701 4th Ave. S.
On the perimeter of Downtown's skyway system is a little piece of Chicago and a jewel of an office building. Designed by Chicago's famed architect Helmut Jahn, 701 4th Ave. S. was built in 1984.
Though born in Nuremberg, Germany in 1940, Jahn moved to Chicago to study with Mies van der Rohe at the Illinois Institute of Technology. In 1967, he began his career as an architect at C. F. Murphy Associates. Six years later, he became head of design, and by 1981, the firm's name had been changed to Murphy/Jahn and Helmut Jahn was the sole owner, president and CEO.
Jahn's early work was influenced by the International Style then evolved into sculptural skyscrapers clad in lively patterns of colored glass panels.
He became nicknamed "Flash Gordon" for his postmodern, shimmering glass skyscrapers of the late 1970s and 1980s and rocketed to architectural celebrity after building the State of Illinois Building in 1984. The American Institute of Architects named him one of the 10 most influential living architects in 1991. Today, there are more than a dozen books about the architect, and while Chicago's skyline is a Murphy/Jahn gallery, the firm's work spans the globe.
Our own 18-story building is composed of two concentric octagon towers. A central blue-and-silver glass tower rises from the building's center. Wrapping around it is a second tower with a series of graduated steps from the corner entrance.
In a 1985 lecture, Jahn said of the building: "Both in form and in surface the outer octagon is more dynamic, the inner one more static. At the corner, the inner building stays free to reinforce the diagonal and the corner. The outer part transforms into a base which furthers the relationship with the neighboring buildings."
Salmon and light blue panels define the building's base, and there's lots of marble inside.

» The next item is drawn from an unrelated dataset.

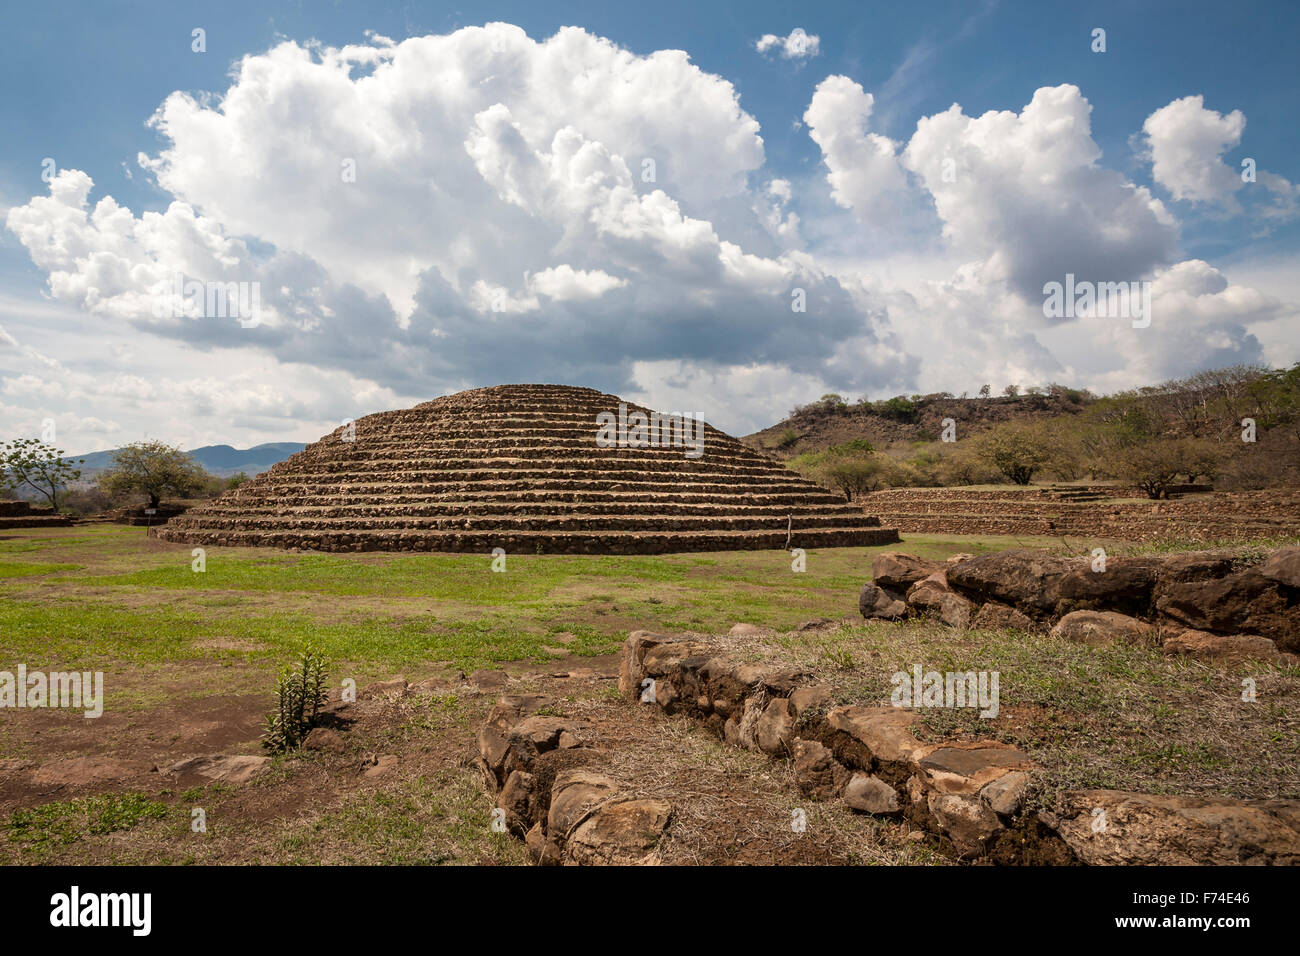 Le site précolombien Guachimontones avec sa pyramide circulaire unique près de la ville de Teuchitlan, Jalisco, Mexique. Banque D'Images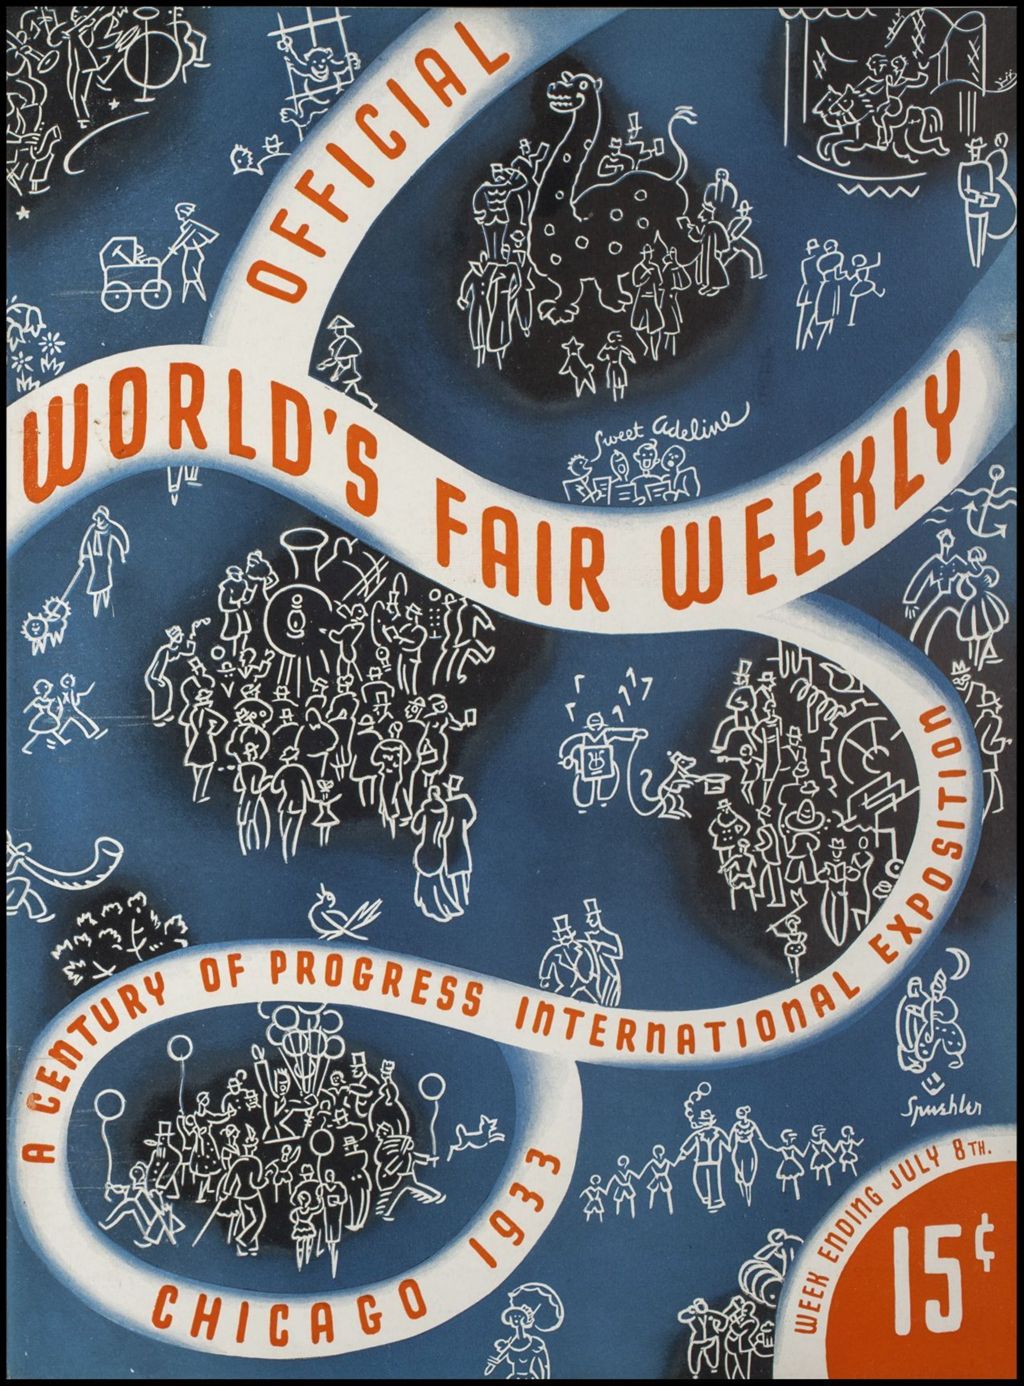 World's Fair Weekly, Week Ending July 8, 1933

The smart corner entrance is a visual connection to Downtown and acknowledges Hennepin County Government Center.
Walk through the kitty-corner park to appreciate the sculptural beauty of this skyline gem by one of America's premiere architects.
To see the architect's sketches for this building, check out "Helmut Jahn" published by Rizzoli, New York, call number NA 737.J34 M55 at Downtown's Central Library, 250 Marquette Ave.
LUNCH TIP: The building's own Bigsby's Cafe serves daily specials on the patio.